▸ Exercise: Repeat the listing below in full, keeping each word as given.

▸ Source data:
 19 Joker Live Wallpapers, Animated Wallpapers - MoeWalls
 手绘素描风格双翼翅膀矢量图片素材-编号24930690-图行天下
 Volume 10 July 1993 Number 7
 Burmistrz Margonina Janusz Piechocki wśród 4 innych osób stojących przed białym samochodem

▸ Result for this exercise:
 19 Joker Live Wallpapers, Animated Wallpapers - MoeWalls
 手绘素描风格双翼翅膀矢量图片素材-编号24930690-图行天下
 Volume 10 July 1993 Number 7
 Burmistrz Margonina Janusz Piechocki wśród 4 innych osób stojących przed białym samochodem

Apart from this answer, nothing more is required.